“Heading for home after a blistering week. And home is a vicious uncaring State suffocating from bad governance, misrule, poverty, predatory institutions and decayed infrastructure. This is what we will change in 2018,” People’s Democratic Party leader Tendai Biti, who has been on a tour of the United Kingdom with Movement for Democratic Change Alliance leader Nelson Chamisa, tweeted today.
According to today’s online edition of the once highly respected Newsweek international magazine, however, Biti believes it is too soon after the November “coup” to have real elections in Zimbabwe.
Robert Mugabe who was at the helm of the country since 1980, the first seven years as Prime Minister and the remainder as President was forced to step down after the military intervened to stop “criminals” who had infiltrated the Zimbabwe African National Union-Patriotic Front to destroy it from within.
“We are rushing into the next election without understanding what happened in November 2017,” Biti told Newsweek.
“How can we ever prevent that from happening again?
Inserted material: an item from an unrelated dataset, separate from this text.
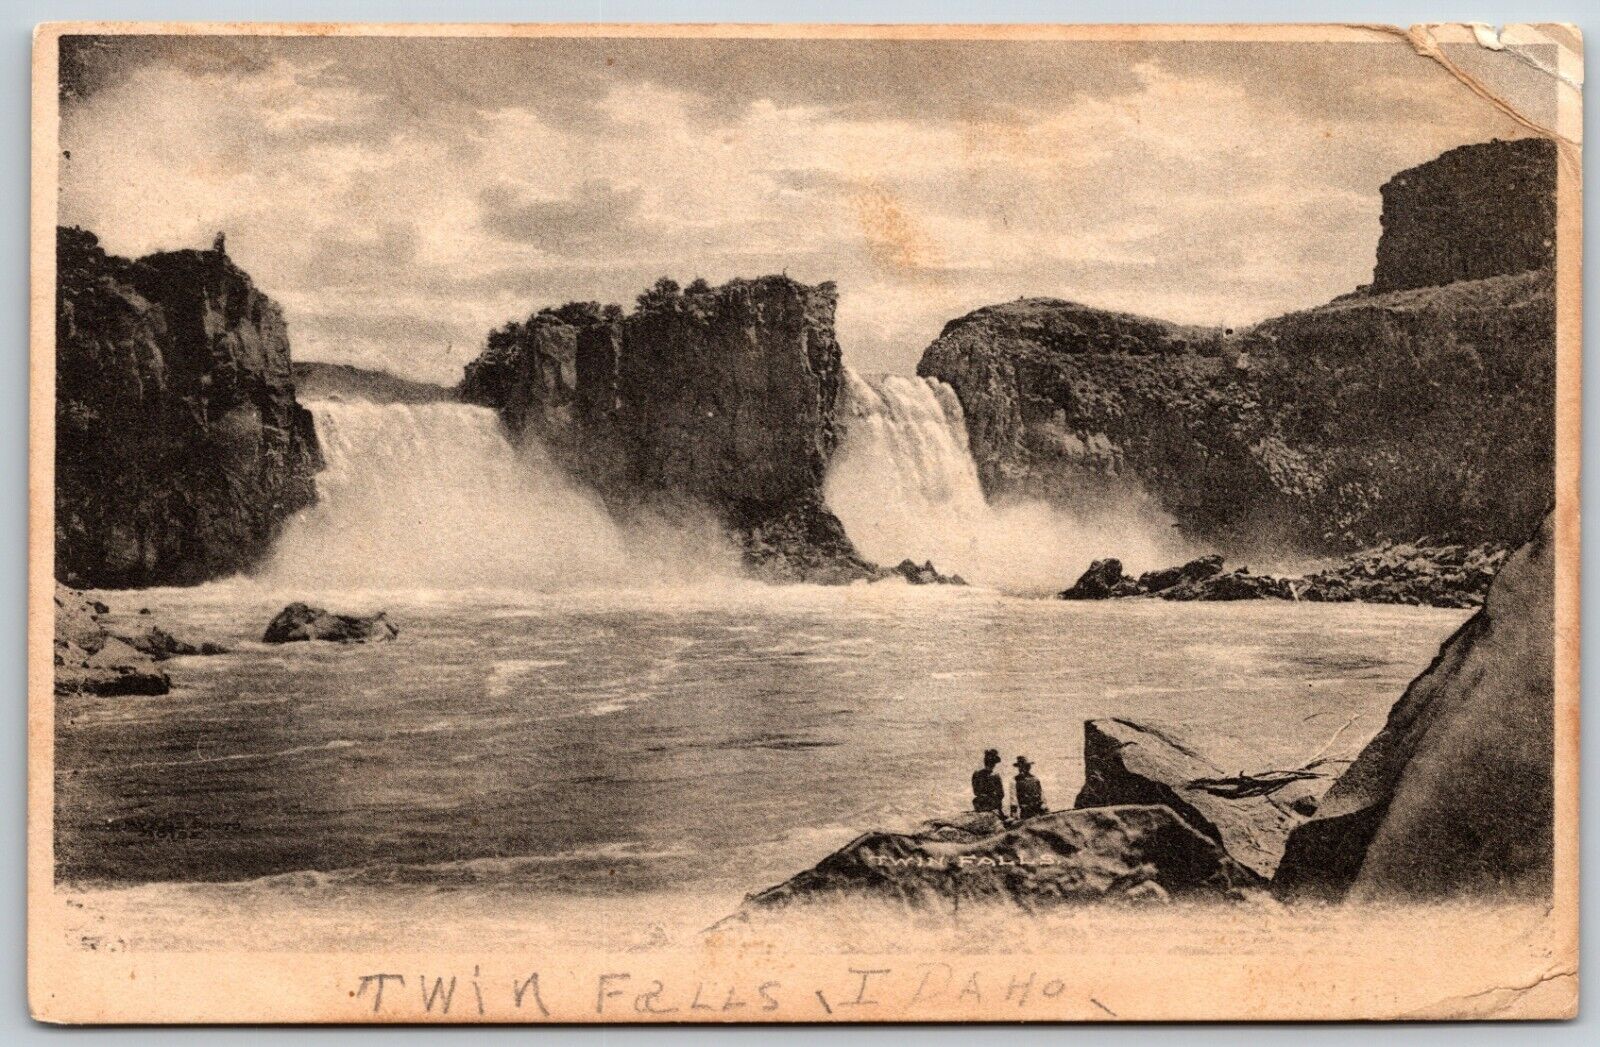 Twin Falls, Idaho  - Postcard
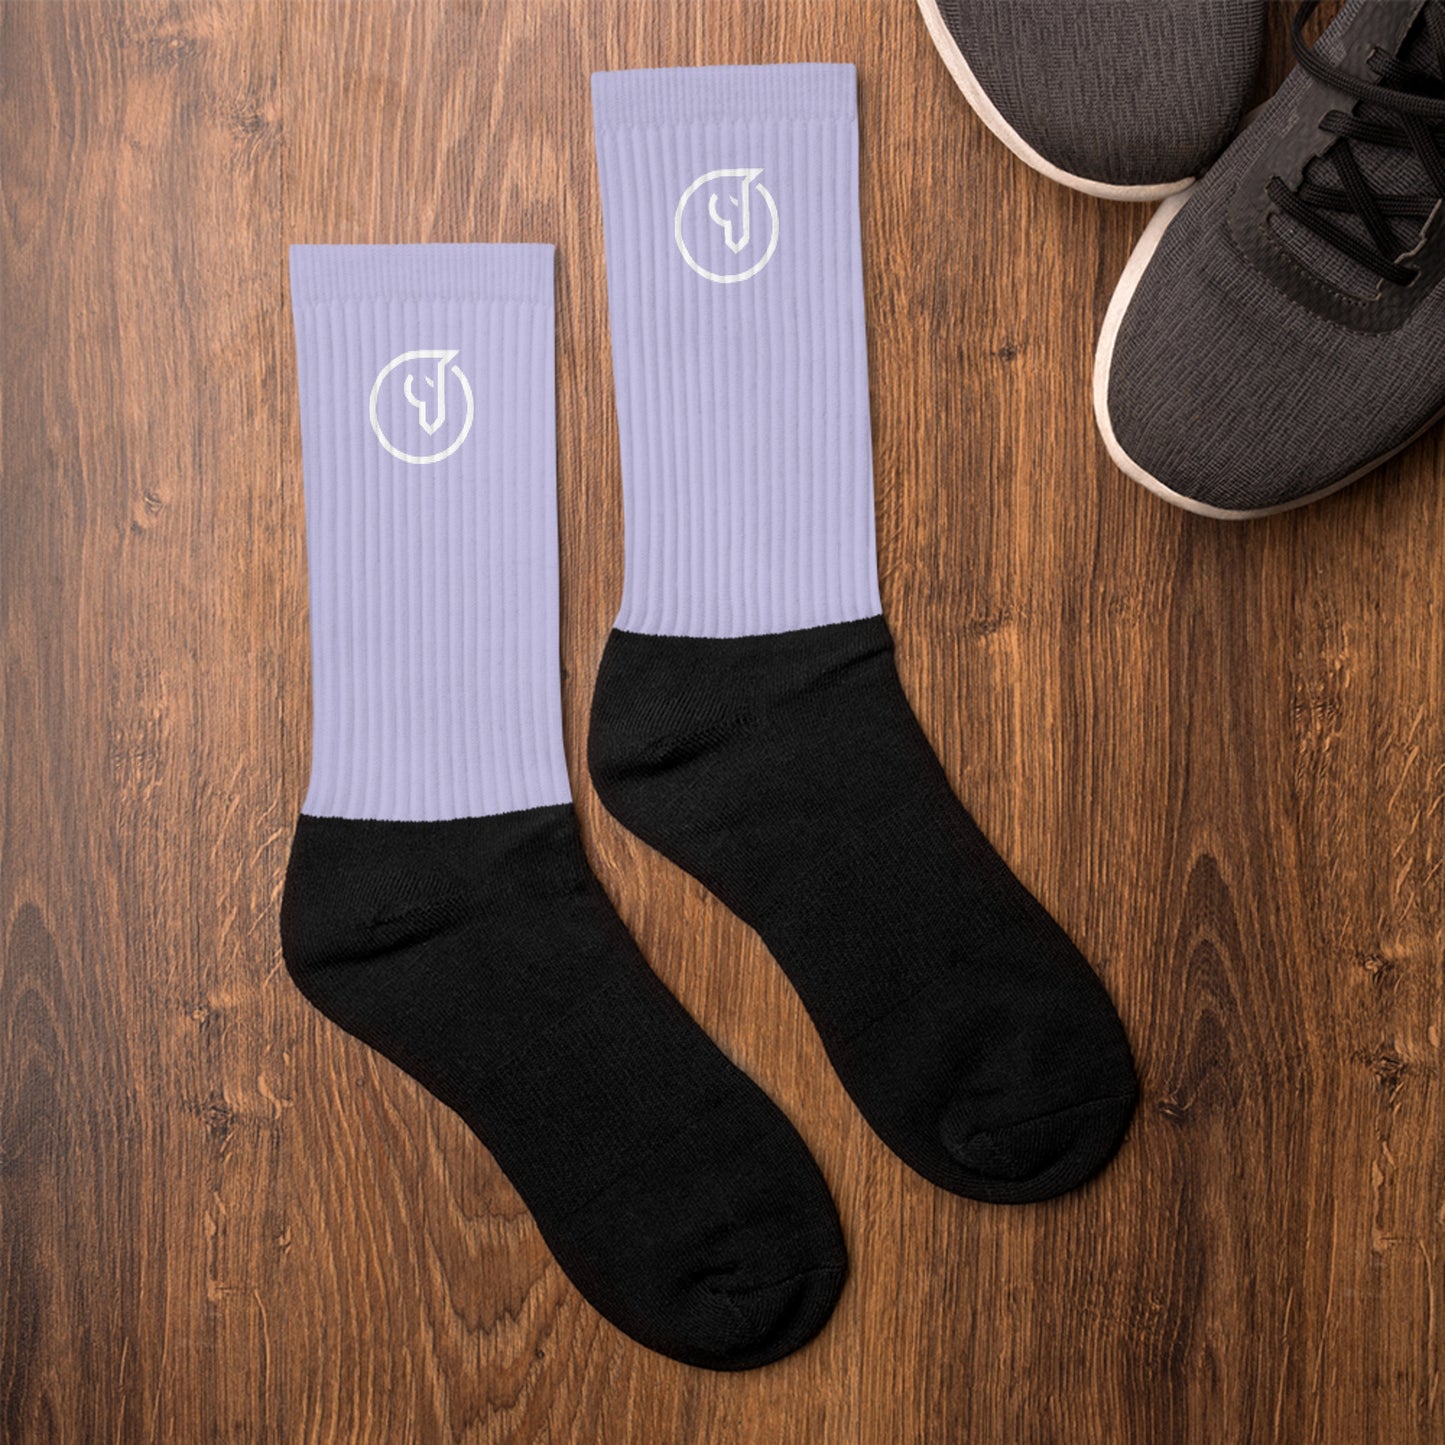 Humble Sportswear, active socks for men and women, unisex socks, black foot socks

You know from the state of Africa that once you have a coup, they tend to replicate.
“We need to implement political institutional reform to make sure that November 2017 doesn't happen again.
“I can tell you that that coup has become a copybook for the entire military in an already fragile region,” he said.
Zimbabwe is still to announce the date for the elections but constitutionally they just be held between 21 July and 21 August.
While most politicians are clamouring for President Emmerson Mnangagwa to proclaim the elections, constitutionally, he has up to 8 July to do so.
The earliest date on which he could have proclaimed the elections was 30 April.